In conclusion, this is an unusual case of spontaneous SAD with lateral medullary infarction as well as cerebellar infarction without trauma history and anomaly of aortic arch. Our patient’s neurological status did not deteriorate further after dual anti-platelet therapy, and intravenous hydration with volume expander were applied. Although spontaneous SAD is a distinctly rare disease entity, it should be considered as a differential diagnosis in any case of multiple posterior circulation infarctions, unexplained neck or thoracic pain, or arm ischemic symptoms even if there was no trauma history. We suggest that the etiologic work-up for posterior circulation infarction should include close scrutiny and examination of the proximal vessels emanating from the aortic arch.


The authors have no financial conflicts of interest.

Figure 1.
Brain magnetic resonance imaging and head and neck CT angiographic images taken at admission. (A-C) Initial diffusion-weighted image showed acute multifocal infarctions on left lateral medulla oblongata, left cerebellar hemisphere and cerebellar vermis (white arrows). (D) Orifice of VA was not found on head and neck CT angiogram (white arrow).

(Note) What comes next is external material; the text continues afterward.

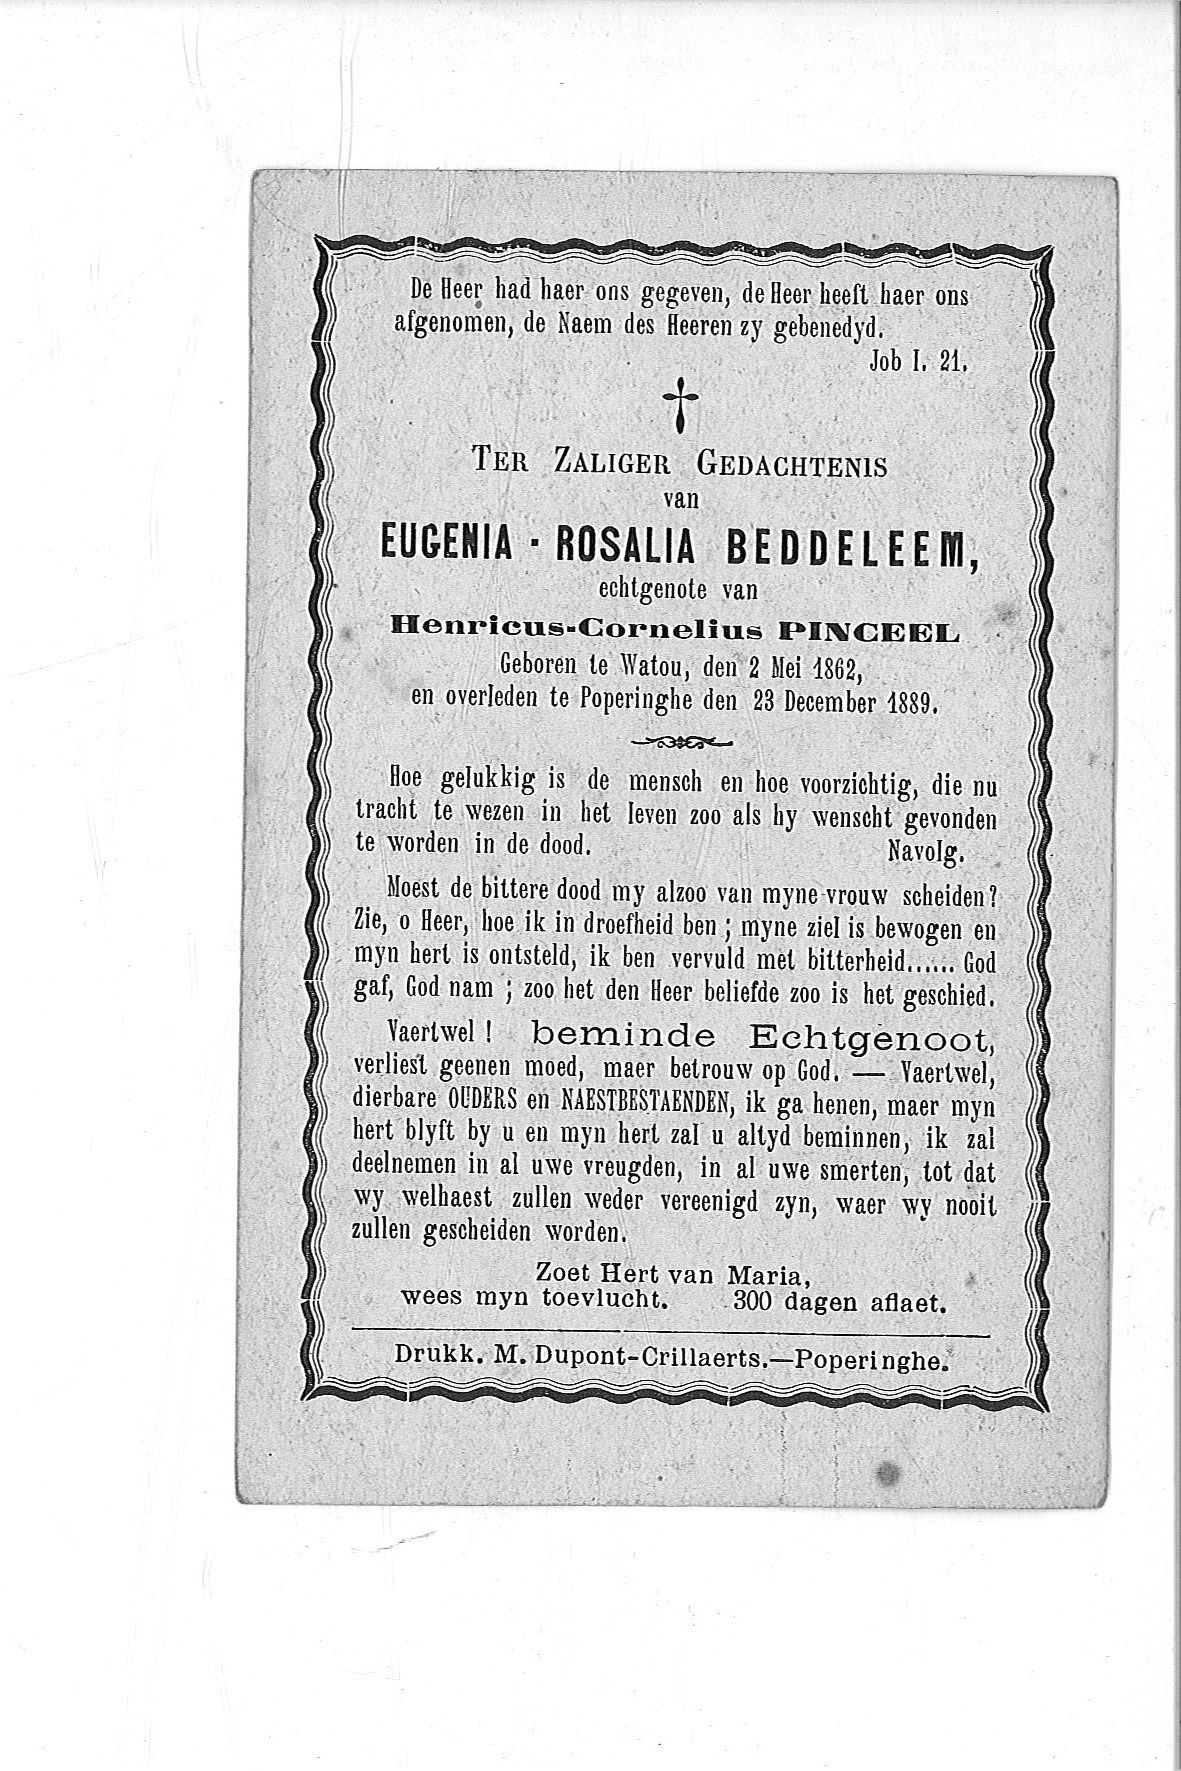 Eugenia-Rosalia(1889)20090813090145_00053.jpg

From distal V2 segment, contrast filling was observed (white arrowhead). (E) Short segmental dissection was suspected at left proximal subclavian artery on coronal CT image (white arrowhead). (F) Axial CT image revealed intramural hematoma (white arrow) and true lumen (white arrowhead) at left subclavian artery dissection. (G) The luminal stenosis of left subclavian artery distal to the dissected segment was observed (white arrowhead). (H) T2*-weighted gradient echo image revealed no hypointense signals with blooming effect in left VA and posterior cerebellar artery. CT, computed tomography; VA, vertebral artery.
Figure 2.
Transcranial Doppler findings on the third hospital day. The flow in the left proximal vertebral artery was scanty and bidirectional. Spectral analysis showed high resistance stump waveform with reversed flow.
Figure 3.
The Follow-up brain magnetic resonance imaging, chest CT angiographic and brain CT images taken on the fourth and fifth hospital days. (A-C) The follow-up diffusion-weighted image taken on the fourth hospital day demonstrated enlarged cerebellar hemispheric and tonsilar infarctions (white arrows). (D) No structural anomaly of aortic arch was found on CT angiogram. (E) Calcified or low density atherosclerotic plaques were found at the origin of subclavian artery on coronal CT image (white arrowheads). (F) Expansion of subintimal hematoma was not observed at left subclavian artery dissection on axial CT image (white arrow). (G) The follow-up gradient echo image showed no hypointense signal with blooming effect in left vertebral artery and posterior inferior cerebellar artery. (H) The follow-up CT scan on the fifth hospital day showed newly developed low attenuated lesion in right lateral thalamus (white arrowhead), suggesting acute infarction. CT, computed tomography.